Category: Hadoop

Databricks MLflow

Published 2018-06-06 by Kevin Feasel

Matai Zaharia announces a new Databricks offering:

MLflow is inspired by existing ML platforms, but it is designed to be open in two senses:

Open interface: MLflow is designed to work with any ML library, algorithm, deployment tool or language. It’s built around REST APIs and simple data formats (e.g., a model can be viewed as a lambda function) that can be used from a variety of tools, instead of only providing a small set of built-in functionality. This also makes it easy to add MLflow to your existing ML code so you can benefit from it immediately, and to share code using any ML library that others in your organization can run.

Open source: We’re releasing MLflow as an open source project that users and library developers can extend. In addition, MLflow’s open format makes it very easy to share workflow steps and models across organizations if you wish to open source your code.

Mlflow is still currently in alpha, but we believe that it already offers a useful framework to work with ML code, and we would love to hear your feedback. In this post, we’ll introduce MLflow in detail and explain its components.
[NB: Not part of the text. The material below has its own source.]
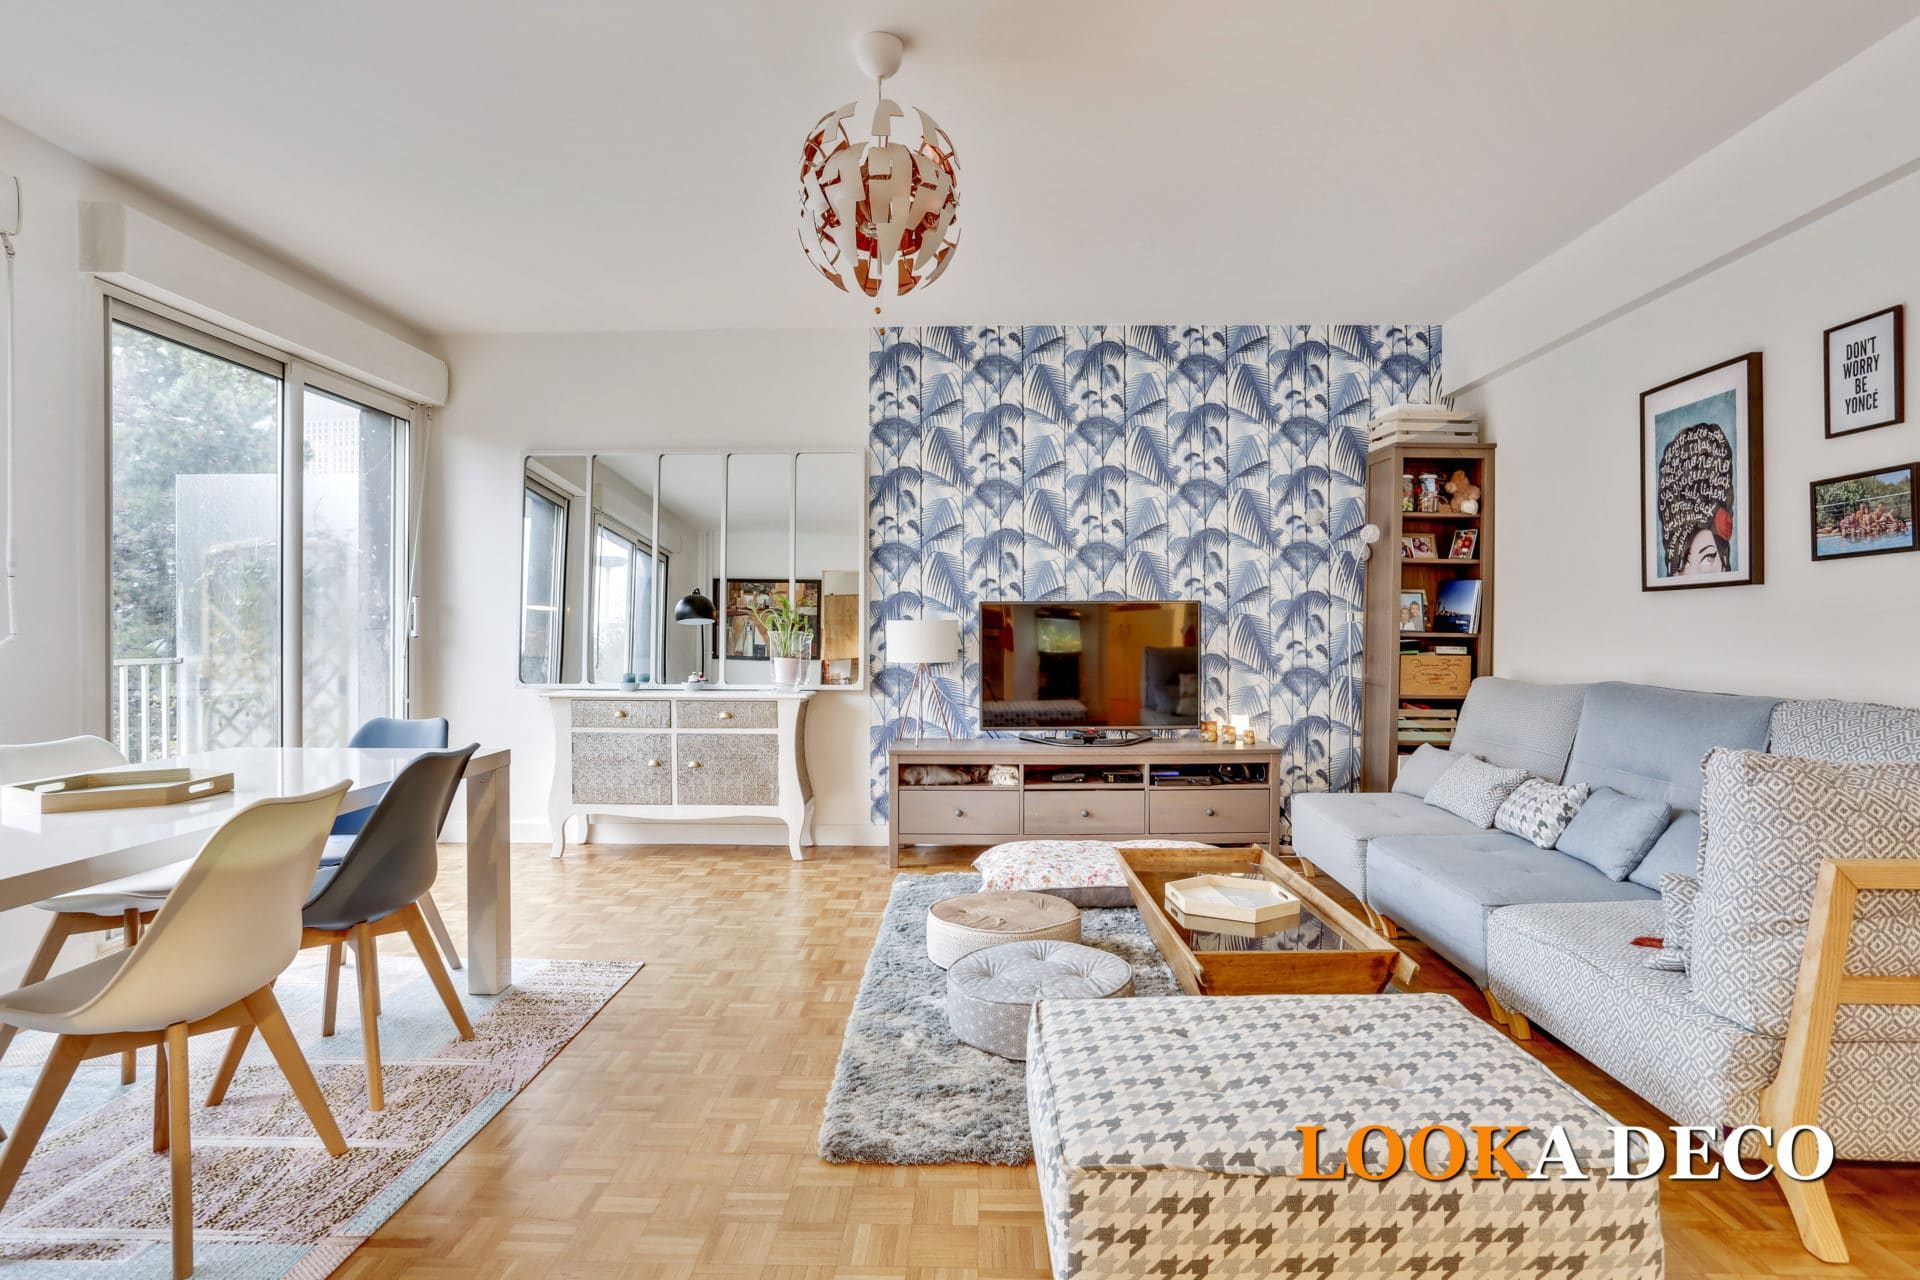 Rénovation complète d'un 4 pièces de 93 m2 | puteaux (92)

Even in alpha, it looks nice.

Comments closed

Using Kafka To Go From Batch To Stream

Published 2018-06-05 by Kevin Feasel

Stephane Maarek has started a series on transforming a batch process into a streaming process using Apache Kafka. Part one introduces the topic and two of the four microservices:

Before jumping straight in, it’s very important to map out the current process and see how we can improve each component. Below are my personal assumptions:

When a user writes a review, it gets POSTed to a Web Service (REST Endpoint), which will store that review into some kind of database table.
Every 24 hours, a batch job (could be Spark) would take all the new reviews and apply a spam filter to filter fraudulent reviews from legitimate ones.
New valid reviews are published to another database table (which contains all the historic valid reviews).
Another batch job or a SQL query computes new stats for courses. Stats include all-time average rating, all-time count of reviews, 90 days average rating, and 90 days count of reviews.
The website displays these metrics through a REST API when the user navigates a website.
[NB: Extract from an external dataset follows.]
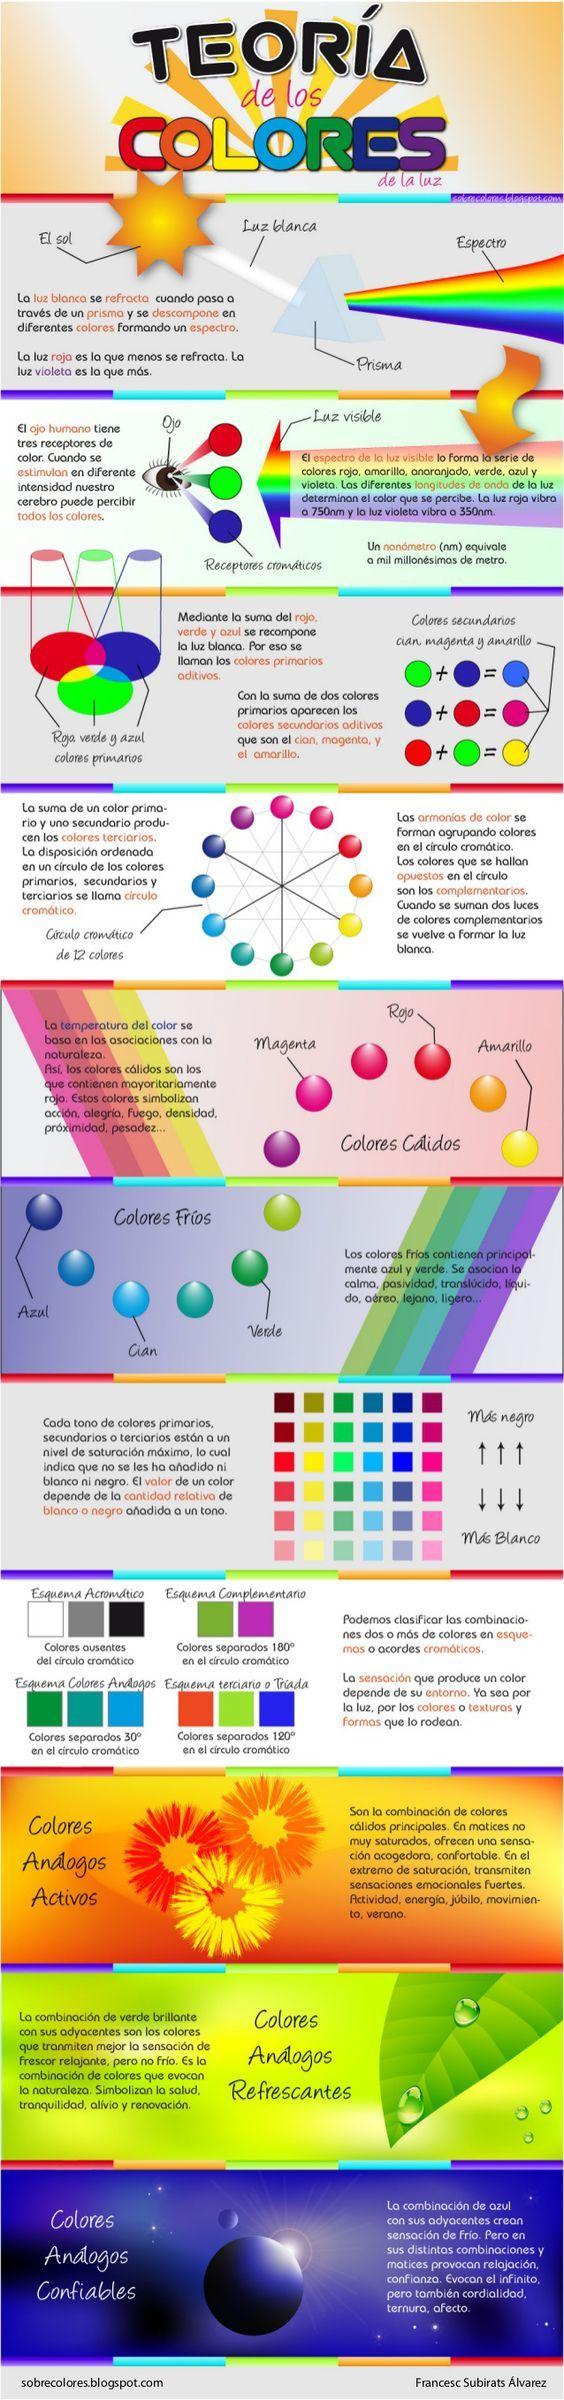 Teoría de los colores de la luz #infografia:

Part two finishes up the story:

In the previous section, we learned about the early concepts of Kafka Streams, to take a stream and split it in two based on a spam evaluation function. Now, we need to perform some stateful computations such as aggregations, windowing in order to compute statistics on our stream of reviews.

Thankfully we can use some pre-defined operators in the High-Level DSL that will transform a KStream into a KTable. A KTable is basically a table that gets new events every time a new element arrives in the upstream KStream. The KTable then has some level of logic to update itself. Any KTable updates can then be forwarded downstream. For a quick overview of KStream and KTable, I recommend the quickstart on the Kafka website.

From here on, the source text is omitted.